Hello. Will Dish Network support Video on Demand on ViP 211/211K? Since it has an external hard drive it is still a DVR. Thanks


----------



## BattleZone

No.


----------



## Michael1

Does it now? No. 

Will it? I don't think anyone knows.


----------



## Jim5506

Dish will not add VOD to the 211/411 because the EHD used is of unknown size.

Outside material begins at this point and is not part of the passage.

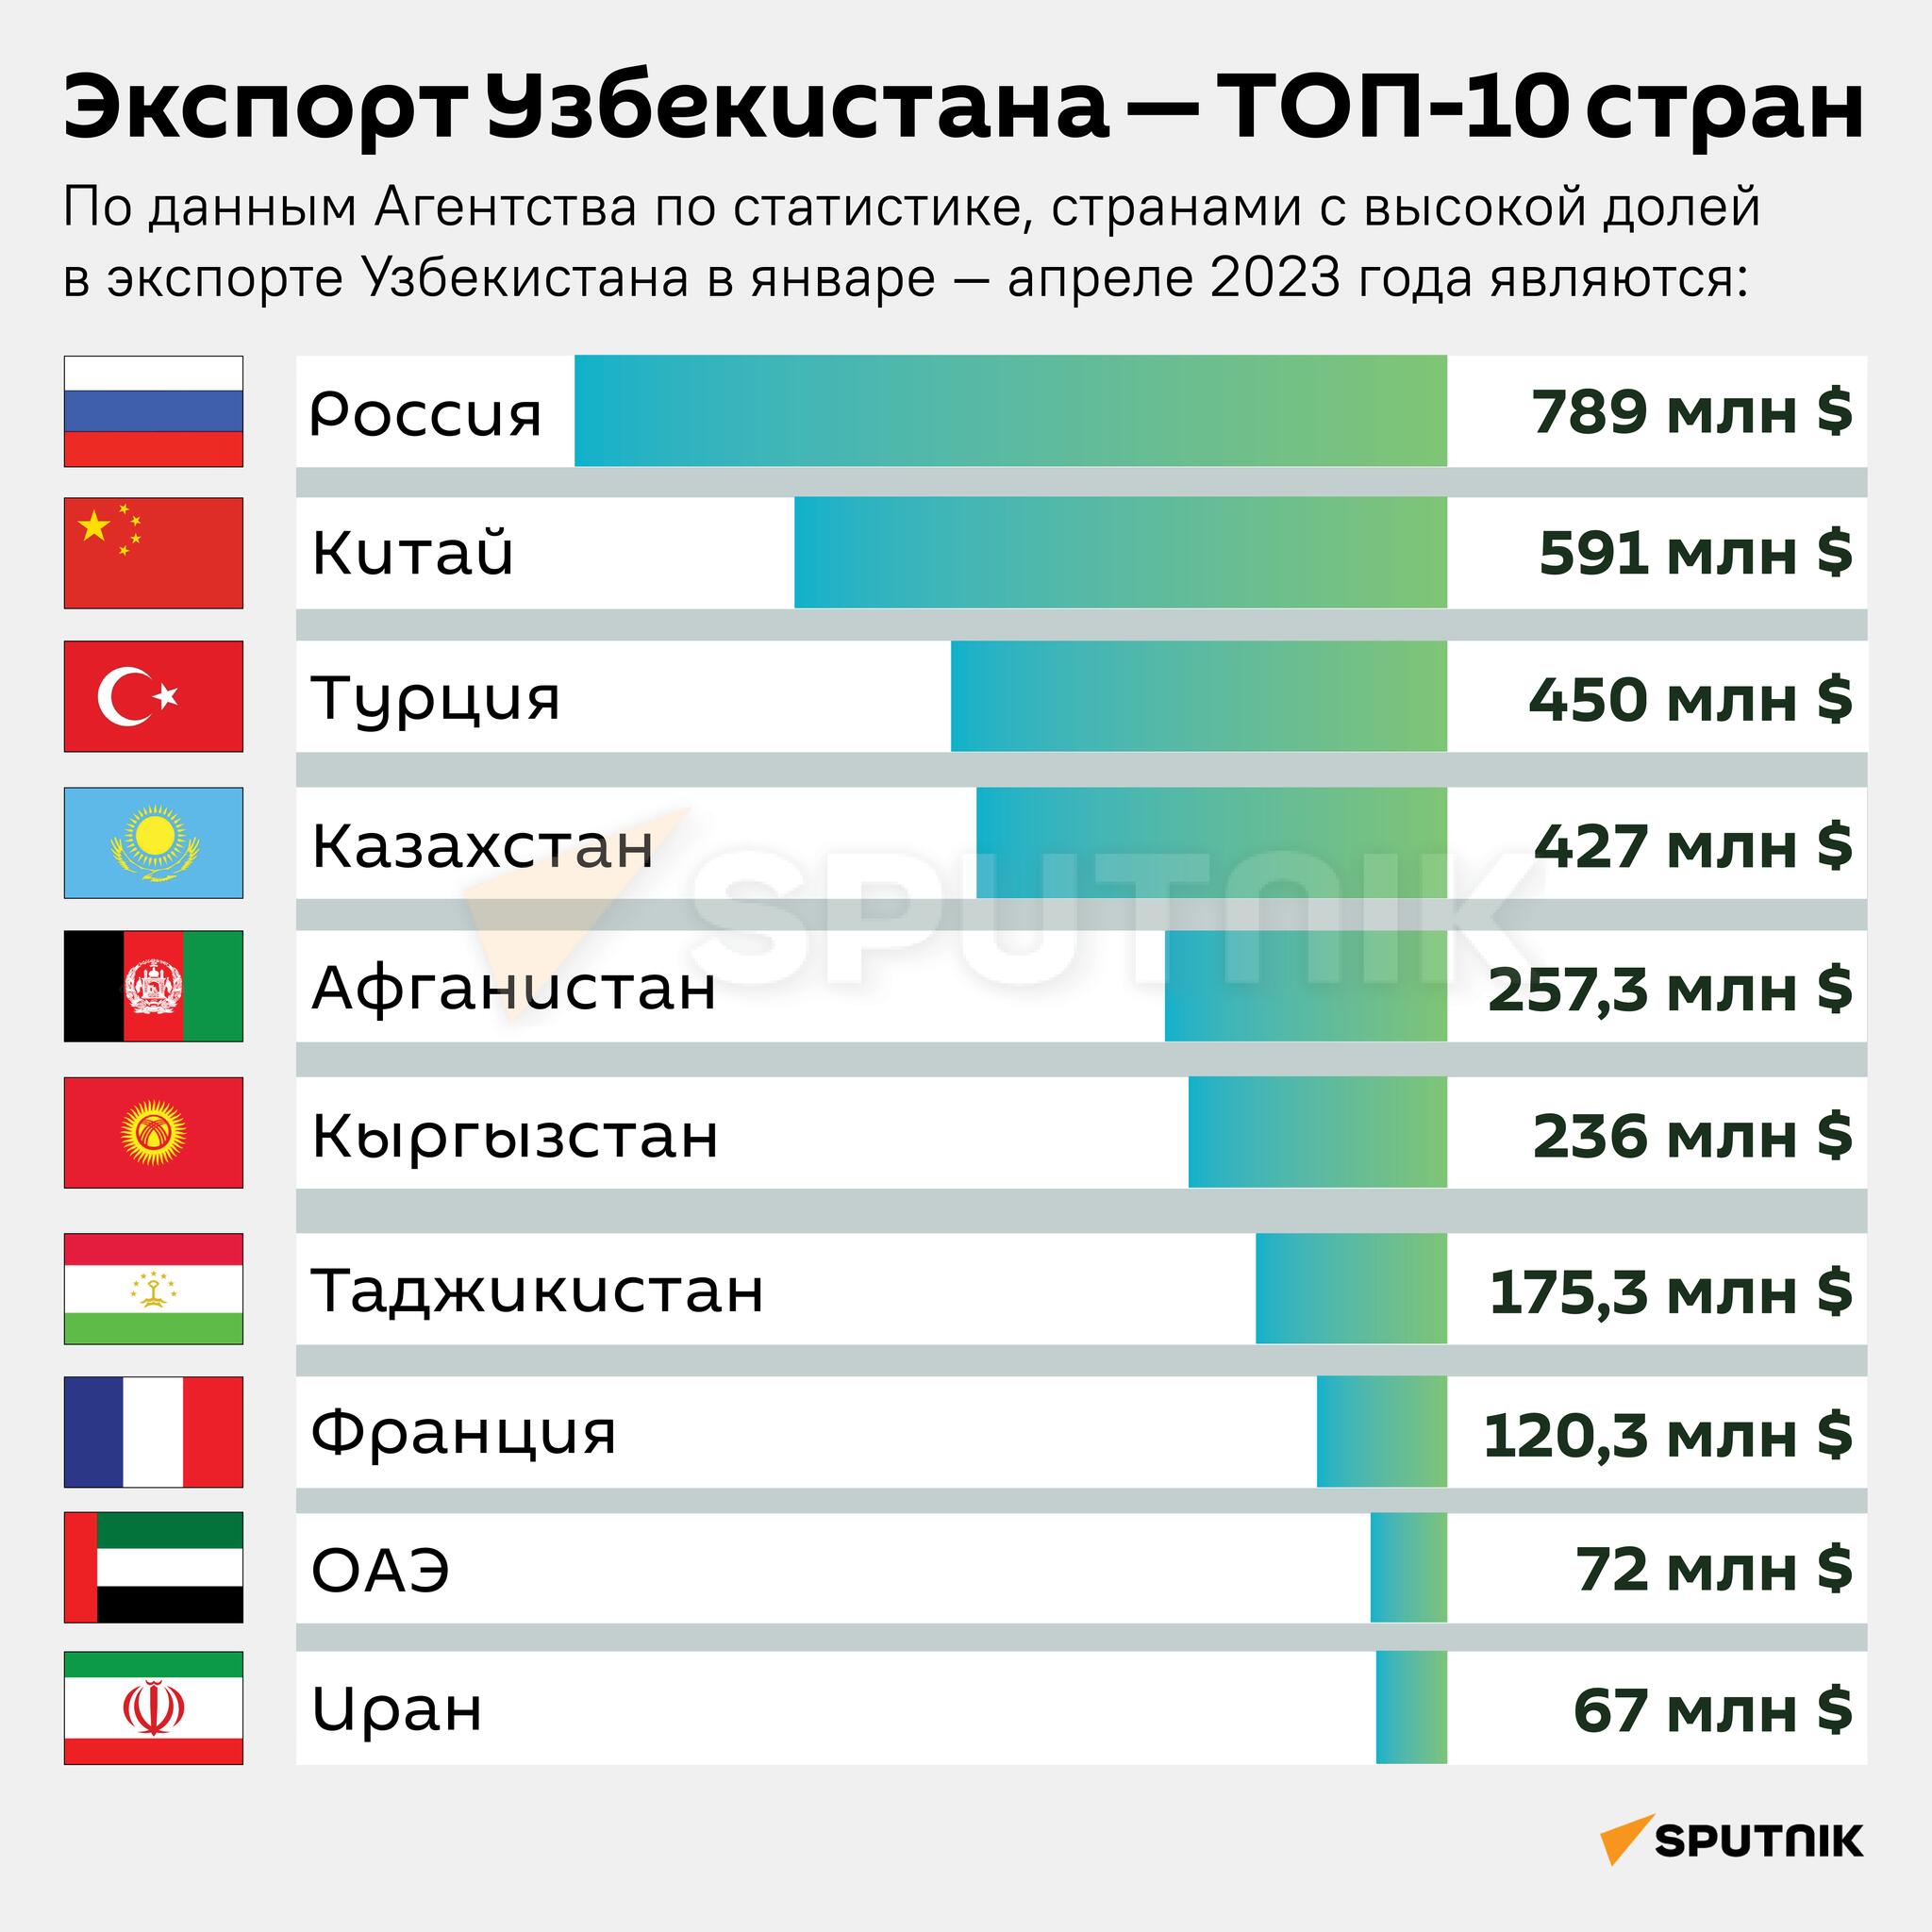 Экспорт Узбекистана - ТОП-10 стран за январь-апрель 2023 года инфографика. - Sputnik Узбекистан

If Dish reserves 100GB of space for VOD and you connect a 120GB EHD you get less than 20 GB of recording space (more like 5GB because of OS requirements) - this would not result in a very happy camper, and with the minimum EHD size being 50GB, space for both VOD and recordings would be sparse.


----------



## P Smith

Jim5506 said:


> Dish will not add VOD to the 211/411 because the EHD used is of unknown size.
> 
> If Dish reserves 100GB of space for VOD and you connect a 120GB EHD you get less than 20 GB of recording space (more like 5GB because of OS requirements) - this would not result in a very happy camper, and with the minimum EHD size being 50GB, space for both VOD and recordings would be sparse.


It shouldn't be that dumb. 
Any programmer would check disk space/size and could make more appropriate decision and would inform a customer why it cannot be done now and what he/she should do to get the feature.


----------